There should be no pictures in your answer, only an exact copy of the lines from the one with "Cienfuegos, Cuba Cruise Port" through the end of the material.

═════ INFORMATION SUPPLIED ═════

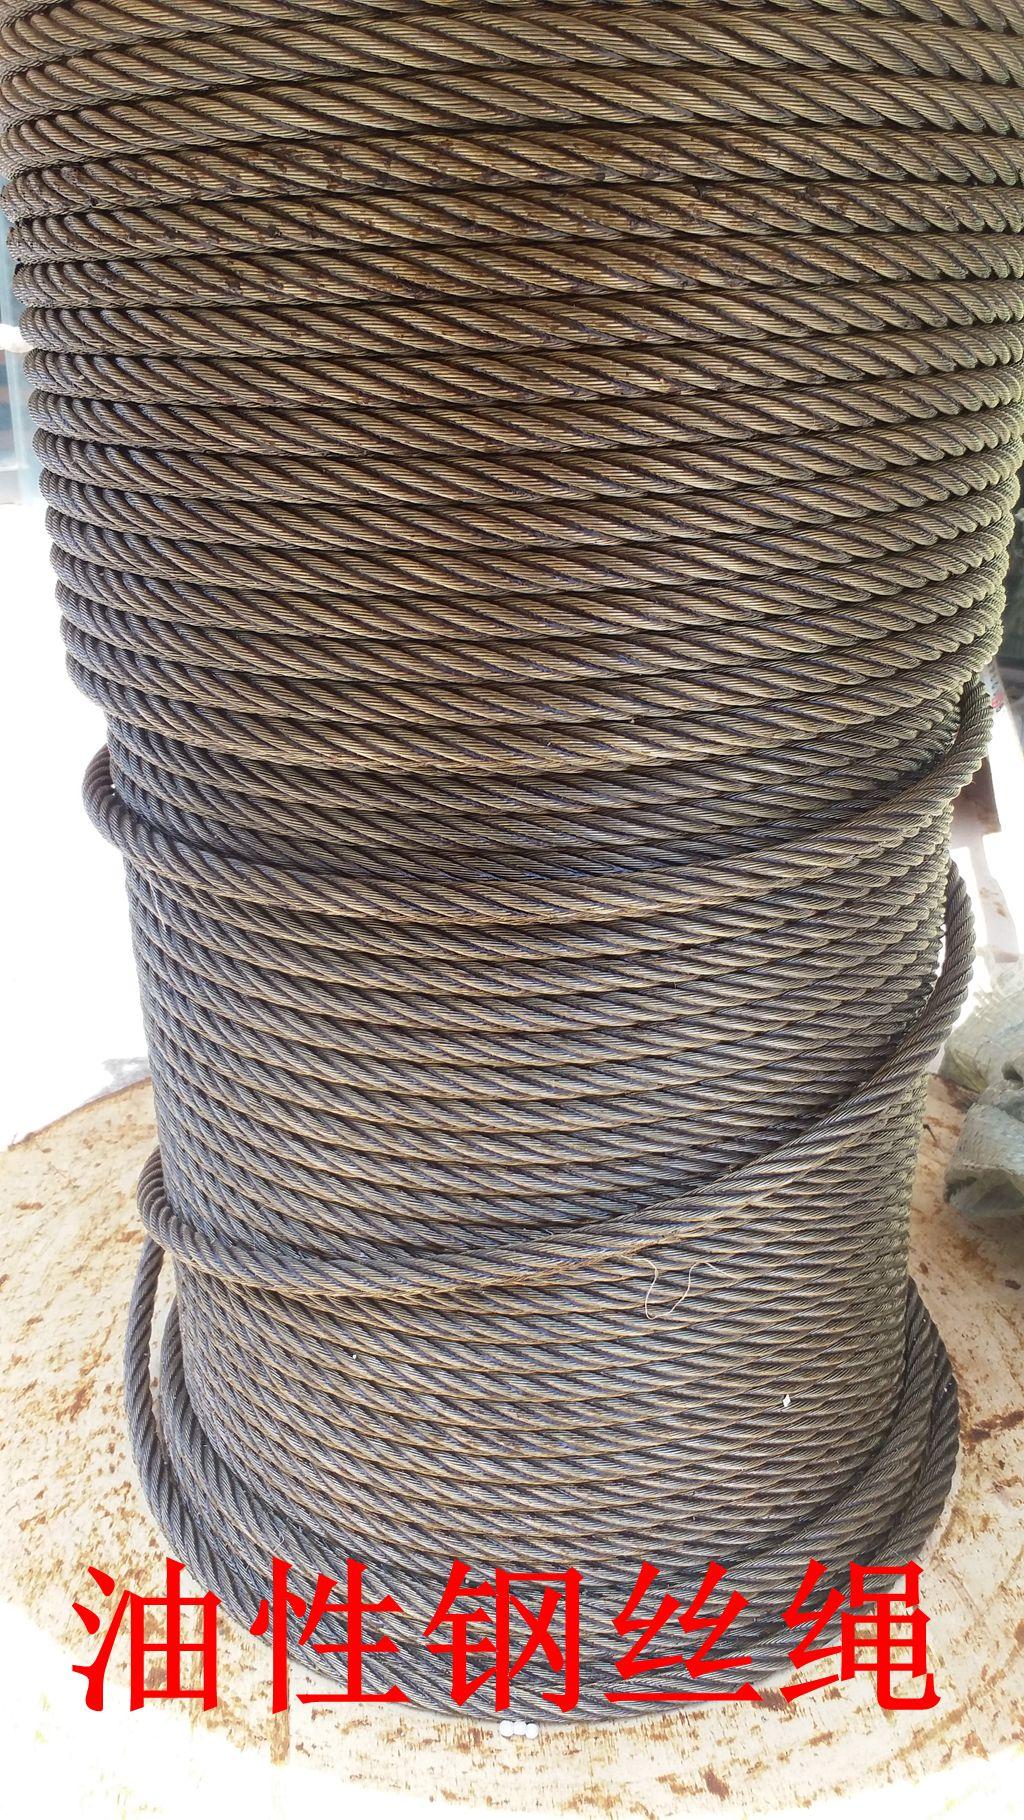 镀锌钢丝绳2MM/3MM/4MM/5MM/6MM/8MM/10MM油性钢丝绳做包塑钢丝绳
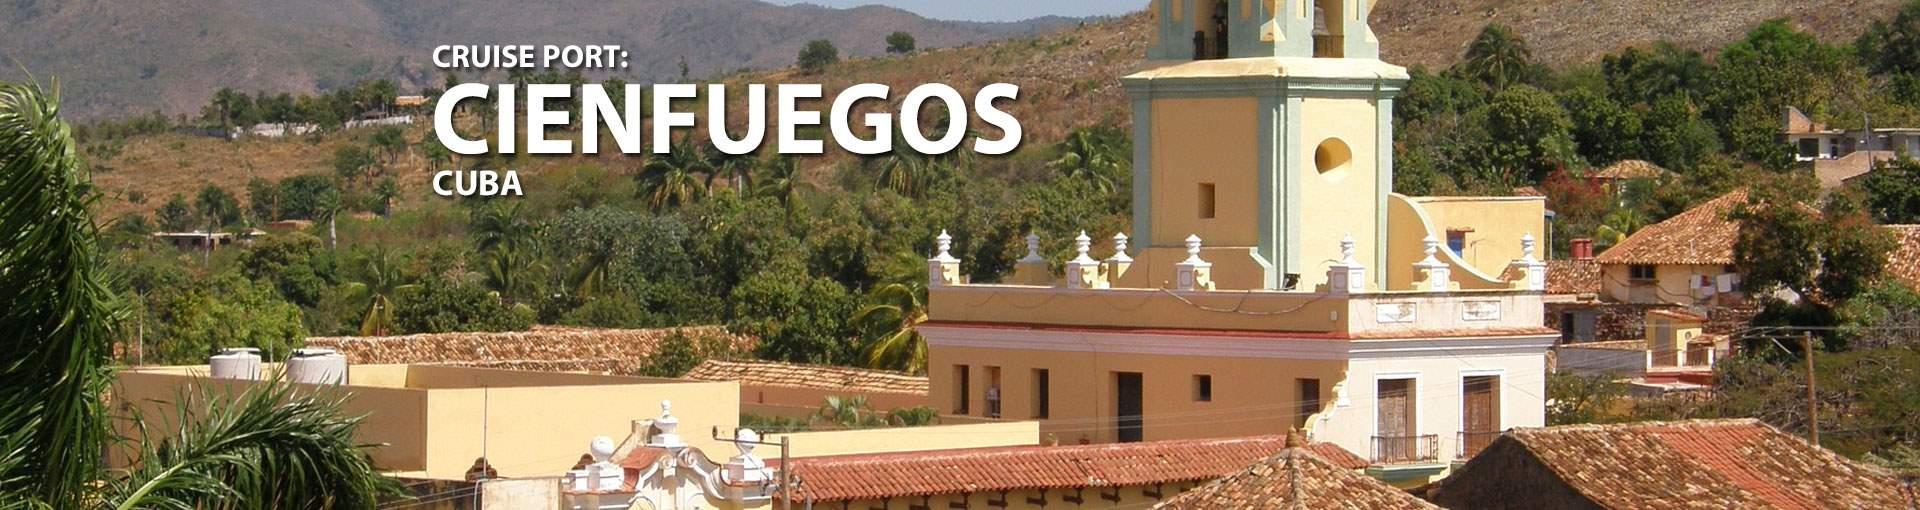 Cienfuegos, Cuba Cruise Port
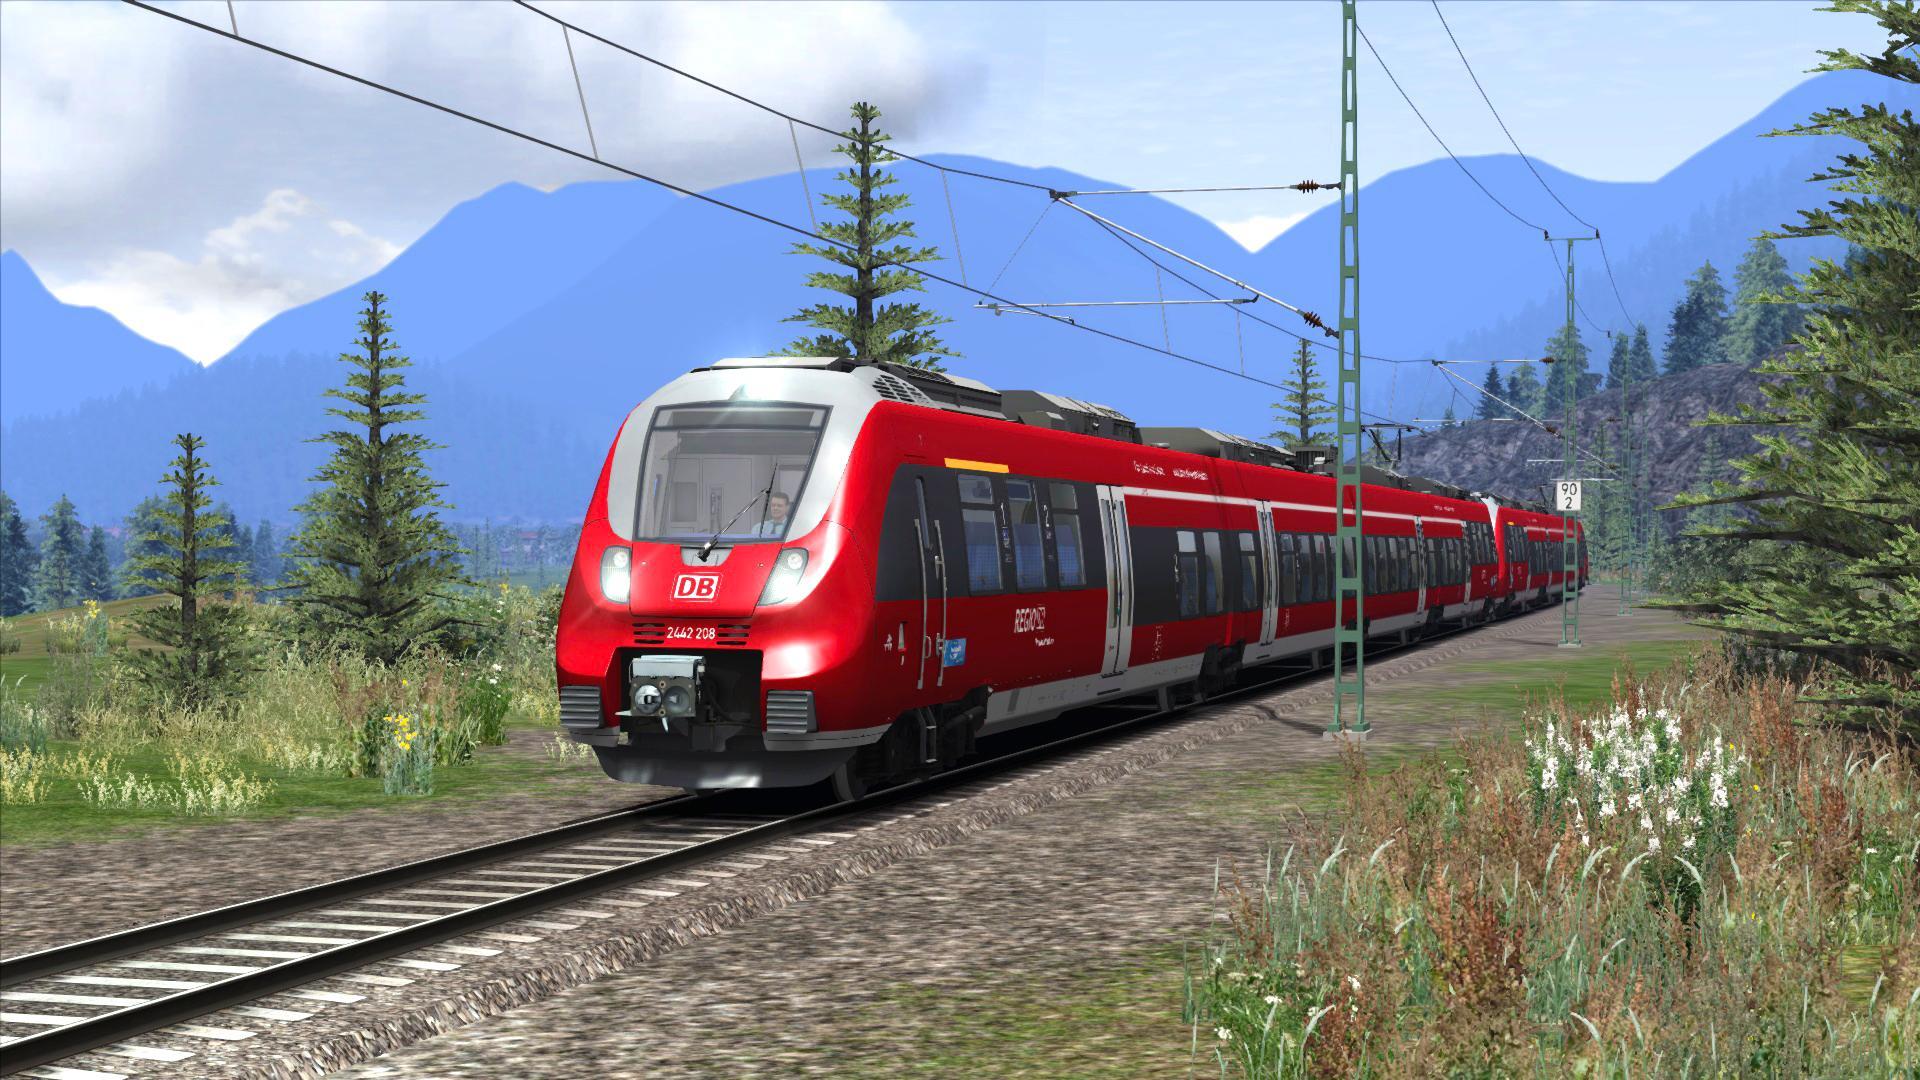 Специалисты: Хакеры без трудностей могут получить доступ куправлению поездом

═════

■ ANSWER TO THIS EXERCISE
 Cienfuegos, Cuba Cruise Port
 Специалисты: Хакеры без трудностей могут получить доступ куправлению поездом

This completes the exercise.